If you feel like driving is more expensive than ever, you’re not alone. Car ownership costs — including auto insurance — have increased dramatically in recent years. According to Motley Fool Money research, the average cost of car ownership was $12,078 in 2023. Just 10 years earlier, in 2013, car ownership only cost $8,467.
That means the cost of owning a car has skyrocketed by 43% in the past 10 years.
Let’s look at what the rising costs of car ownership mean for your bank account — and see how you can find the best deals on auto insurance and auto loans in 2025.
Why cars are so expensive now
Car ownership is one area of American life that’s been hit hardest by rising inflation in recent years. Most Americans not only own cars, but also need them to get to work, school, shop, and more. As such, it’s no wonder that the high costs of car ownership can feel especially painful.
Here are the three biggest costs of car ownership, according to Bureau of Labor Statistics data:
- Vehicle purchases (net outlay): $5,539 (46% of overall cost)
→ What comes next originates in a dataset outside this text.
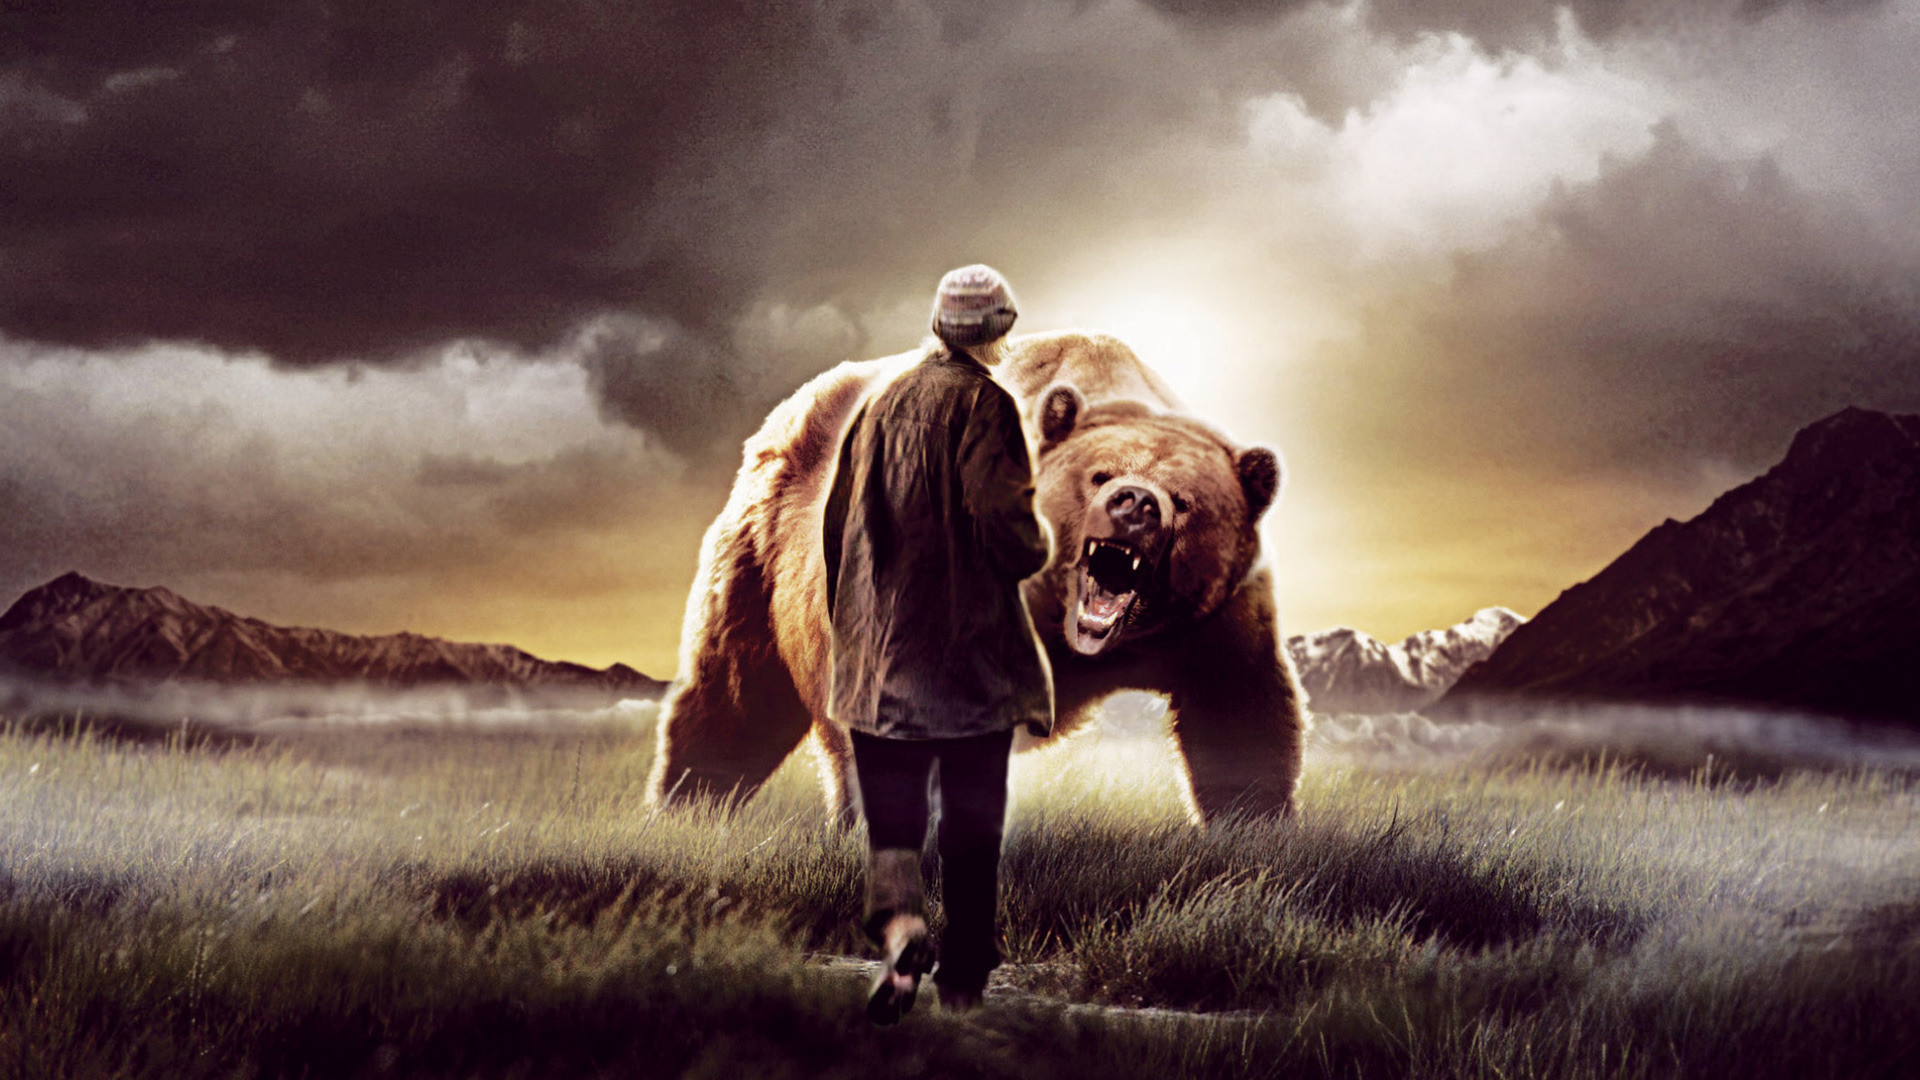 Wallpaper Angry Grizzly Bear Image Pictures Photos Icons

- Gas, other fuels, and motor oil: $2,694 (22% of overall cost)
- Auto insurance: $1,775 (15% of overall cost)
For drivers who want to lower the costs of car ownership, one obvious answer is to buy a lower-priced car. But that’s not always an easy option. New cars keep getting more expensive with more advanced features, and lower-priced used cars are not always available. The price of gas is also outside our control as it can go up or down based on fluctuations in the global economy. And owning a hybrid or electric vehicle is not always cheaper.
But here’s one thing that drivers can do to reduce the cost of car ownership: Shop around for car insurance. Click here to see our curated list of the best car insurance companies — and learn how different companies could offer lower rates on auto insurance.
Good news: Cars might get more affordable soon
The U.S. auto market is always changing, as car companies try to make profits and customers decide when to buy new vehicles and when to walk away from the dealership. Just because the cost of car ownership has gone up by almost 50% in the past 10 years doesn’t mean that cars will stay unaffordable for everyone forever.
Recent data from Kelley Blue Book found that new cars got more affordable in October 2024. It looks at both prices and the time it will take to pay off an average car.
The average new car sold for $48,623 in October — that’s a lot of money, but Americans’ average wages have gone up, too. Kelley Blue Book says that the average American would need to work 37.4 weeks to pay off the average new car sale price. That’s better affordability than America has seen since August 2021.
The U.S. auto market might be getting a little more customer-friendly, especially for drivers with a good credit score. That’s because auto loan rates might be coming down, too.
Fed rate cuts = cheaper auto loan rates
This September and November, the Federal Reserve announced rate cuts totaling 0.75%. These rate cuts will cause the interest rates on auto loans to go down. It might not happen immediately for every car buyer. But for people with good credit who are buying a newer vehicle, auto loan APRs might start to fall by the end of 2024 and into 2025.
Some of the best auto loans right now are offering 6% APR (or lower) for qualified borrowers. Anyone who wants to reduce their car ownership costs might want to start by improving their credit score. Better credit can help save hundreds of dollars per year, or thousands of dollars total, on the cost of a car loan.
Bottom line
Owning a car has gotten shockingly expensive for many Americans. But even though the sale price of new cars, the cost of gasoline, and some aspects of auto insurance rates are outside our control, drivers still have choices.
To cut car ownership costs, start by shopping around for better prices on car insurance. And to save money on auto loan interest for future car purchases, try to boost your credit score before you’re in the market for a new (or used) vehicle.